**Problem details:**
All the lines below should appear again unchanged, though their pictures should not.

**Data below:**
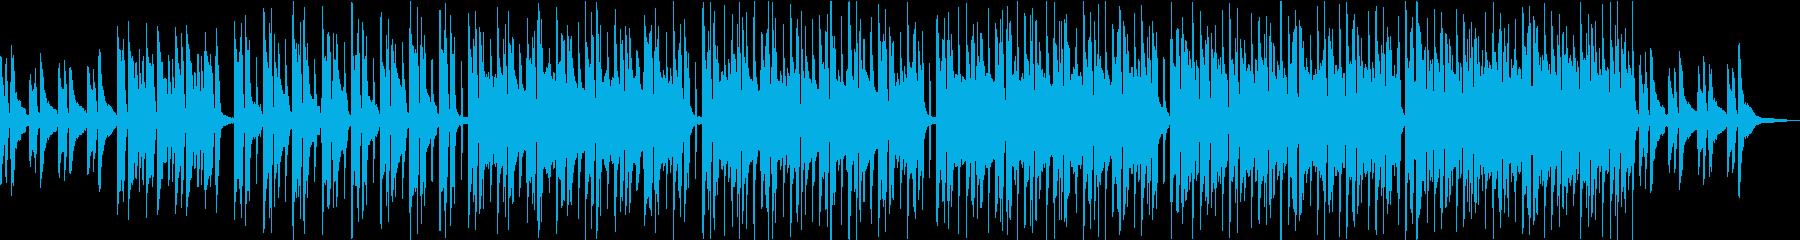 マリンバが特徴的・キッズ子供向けポップスの再生済みの波形
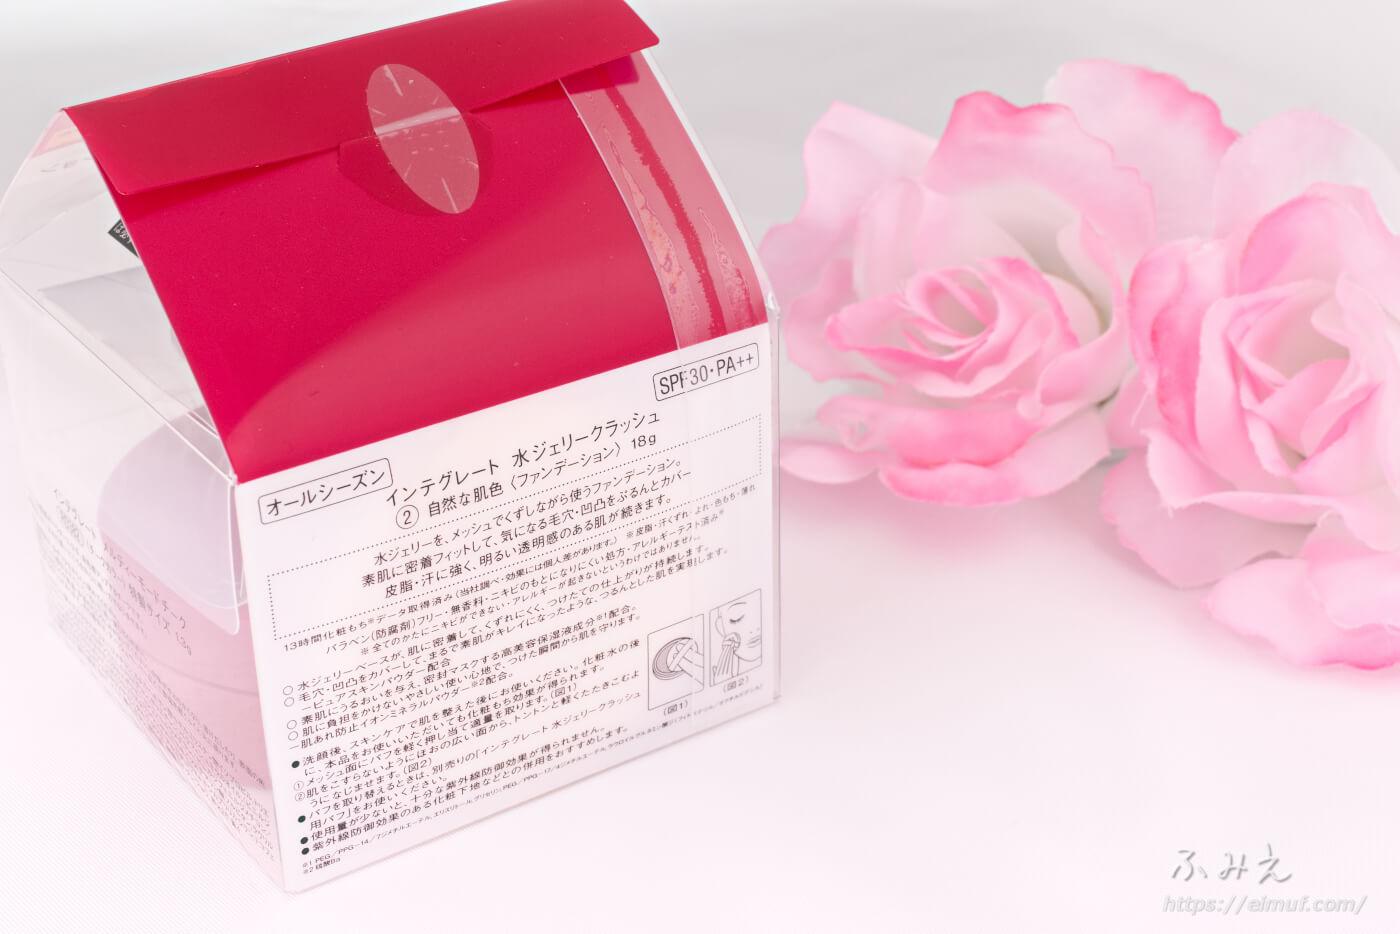 インテグレート 水ジェリークラッシュの特製チーク付きリミテットエディションパッケージ裏面
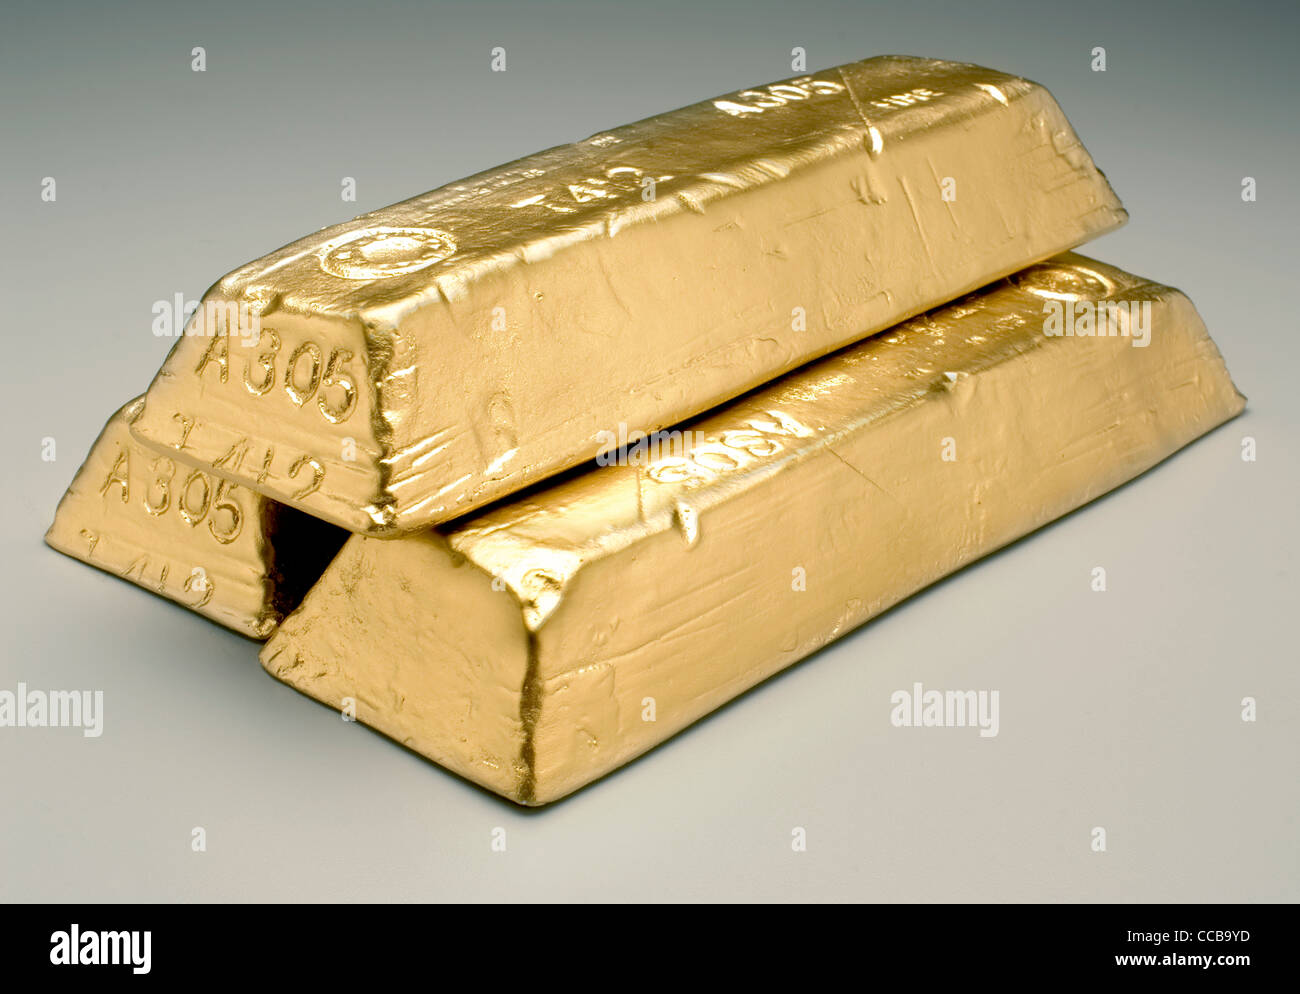 Goldbarren auf grauem Hintergrund Stockbild

**Your response:**
 マリンバが特徴的・キッズ子供向けポップスの再生済みの波形
 インテグレート 水ジェリークラッシュの特製チーク付きリミテットエディションパッケージ裏面
 Goldbarren auf grauem Hintergrund Stockbild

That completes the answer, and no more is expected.